Dopo una sua iniziale disfatta nel 1191 nella prima battaglia di Taraori inflittagli da Prithivîrâja Châhumâna III - il raja Rajput che all'epoca regnava sui territori di Delhi e di Ajmer - si ritirò con il suo esercito nelle sue basi, grazie al fatto che i guerrieri del raja Rajput non avevano una cavalleria in grado d'inseguire e sterminare quanti erano stati sconfitti.[4] Passò quindi un anno intero a prepararsi a una nuova guerra. Tornò in campo nel 1192 e lo scontro nella seconda battaglia di Taraori, coi suoi 120.000 uomini turchi, persiani e afghani, forti di una possente cavalleria e di abili arcieri dotati di arco composito, annientò i 300.000 indiani di Prithivîr, catturando lo stesso raja, che fu giustiziato sullo stesso campo di battaglia.

Muḥammad Ghūrī divenne in tal modo il primo esponente musulmano a impadronirsi di Delhi e a insediare un potere islamico in India, senza tuttavia trasferirvisi personalmente.

Mentre egli nominava governatore di Delhi il suo generale Quṭb al-Din Aybak, futuro fondatore della locale dinastia mamelucca (da non confondere con quella che regnò in Egitto e Siria dopo gli Ayyubidi), l'altro suo generale Muḥammad ibn Bakhtiyār attraversava il Gange, prese Varanasi, distruggendo templi indù e sterminando la popolazione maschile, salvando le donne e i fanciulli per deportarli come schiavi, Muḥammad Ghūrī razziava il Bihār dove perpetrò il grande massacro di monaci buddisti a Nālandā, e della popolazione civile, vibrando un colpo pesante al buddhismo indiano.
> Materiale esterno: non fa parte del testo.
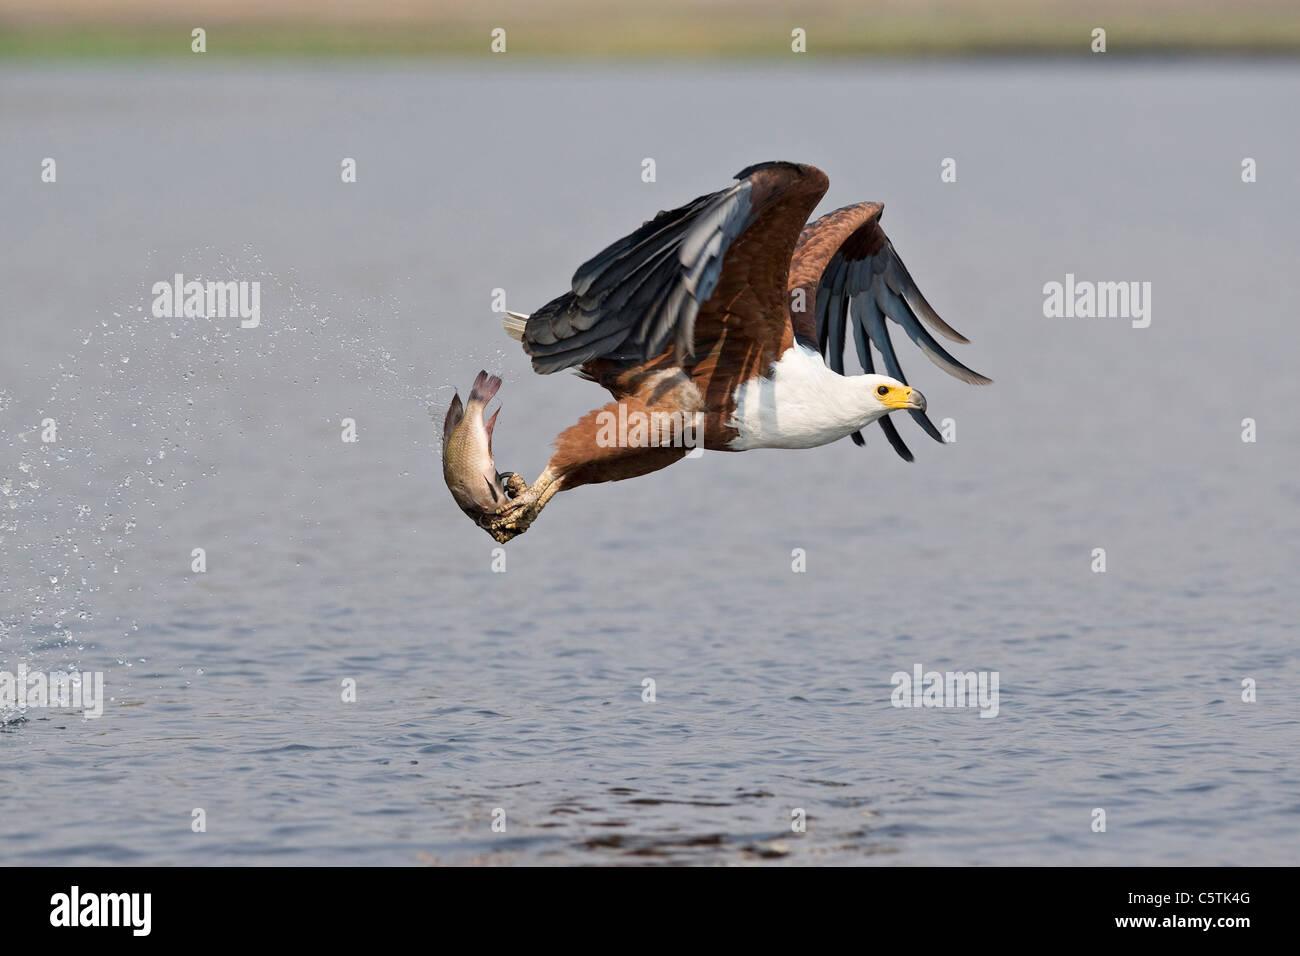 Africa, Botswana, African fish eagle (Haliaeetus vocifer) with catch, taking flight Stock Photo

S'impadronì infine del Bengala ove tuttavia incontrò una resistenza non trascurabile.

Nel 1206, Muḥammad Ghūrī si recò a Lahore per piegare una rivolta, ma sulla via del ritorno a Ghazna in cui s'era stabilito, fu assassinato a Damik, forse ad opera di un Assassino ismailita nizarita, oppure da un combattente ghakkar[5] della regione.

Muḥammad Ghūrī (che non lasciò eredi), trattò i suoi schiavi come figli e si pensa che egli abbia addestrato una gran quantità di schiavi d'origine turca alle arti della guerra e all'amministrazione dei suoi territori, riprendendo uno schema a suo tempo avviato dal califfo abbaside al-Muʿtaṣim e dal Sultano ayyubide al-Ṣāliḥ Ayyūb.

Uno di tali schiavi, Quṭb al-Dīn Aybak, si rese indipendente e fondò alla morte di Muḥammad di Ghūr un Sultanato, inaugurandovi la dinastia dei Mamelucchi di Delhi.

  1. Paul K. Davis, Seconda battaglia di Taraori, in Le cento battaglie che hanno cambiato la storia, collana I volti della storia, Newton Compton Editori, maggio 2017, p. 178, ISBN 978-88-227-0456-6.
  2. Dasharatha Sharma, Early Chauhan Dynasties, Motilal Banarsidass, 1975, p. 87.
  3. Perspectives in Indian History: From the Origins to AD 1857, Notion Press, 2020.
  4. M. Torri, Storia dell'India, Roma-Bari, Laterza, 2007, p. 186.
  5. Appartenente a un clan dell'attuale Punjab pakistano.